So I laugh back, "Yes, we are. And I wouldn't have it any other way."
Because I would rather the life I have than one with a June Cleaver mother and a father who works a nine-to-five, a singular brother or sister. A white picket fence in the suburbs…that isn't us. It's the American dream my parents wanted and what we got was an American life – something I cannot trade.
"Remember when Niko was born? Those big eyes. I thought he'd be the one to change things."
Instead it was the birth of the second set of twins that turned the tables. Aleksey and I share the wonderful gift of Hemophilia, and Tassie, his twin and my baby sister, needed emergency surgery to correct problems with her heart and lungs. She narrowly survived, spent the first nine months of her life in an incubator in the NICU.
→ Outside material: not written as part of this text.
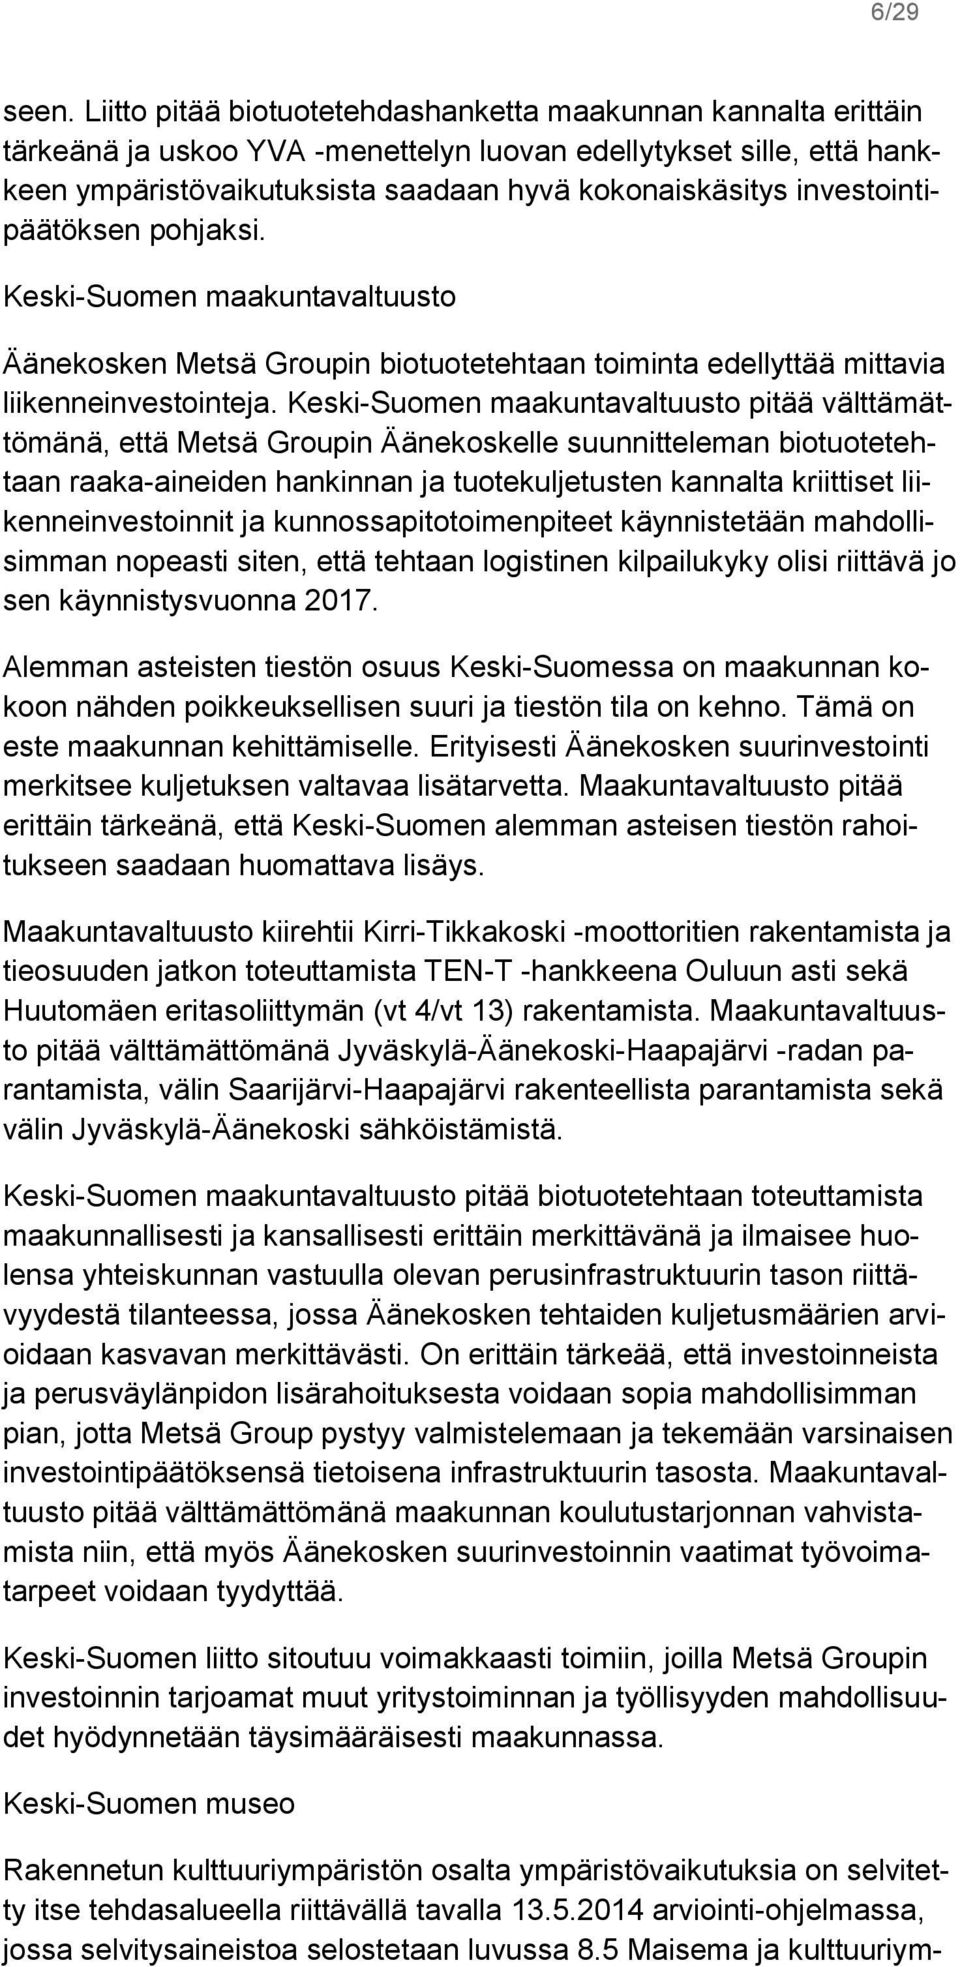 investointipäätöksen pohjaksi. Keski-Suomen maakuntavaltuusto Äänekosken Metsä Groupin biotuotetehtaan toiminta edellyttää mittavia liikenneinvestointeja.

"Kiev's little mouth." I counter, recalling how he was always on the search for something to eat, "Peter and the light-socket."
That gets her to laugh, loudly, "I forgot about that! I swear I thought he'd electrocuted himself!" Kia spits out, hugging me as best she can, "Oh." She sighs, "Niko refused to have his party. He knows that you were sincere when you said you were coming, and he wants you to be there. He won't tell anybody 'sides Mama where he's going to college next year." Her eyes seek out mine, blue-crystal on blue-crystal, "All he wants is to see you. It broke his heart when you went away."
I knew he would miss me. I spent so much time with him, teaching him languages and camping out in our backyard or our living room. And one other…
"Peter?"
Blinking she responds, "No one told you." Soft murmur, then, "He's in juvie, Luka. He…uh…vandalized school property and stole a good seven-hundred dollars of stuff."
"Those are misdemeanors. They can't send him to juvie on that!"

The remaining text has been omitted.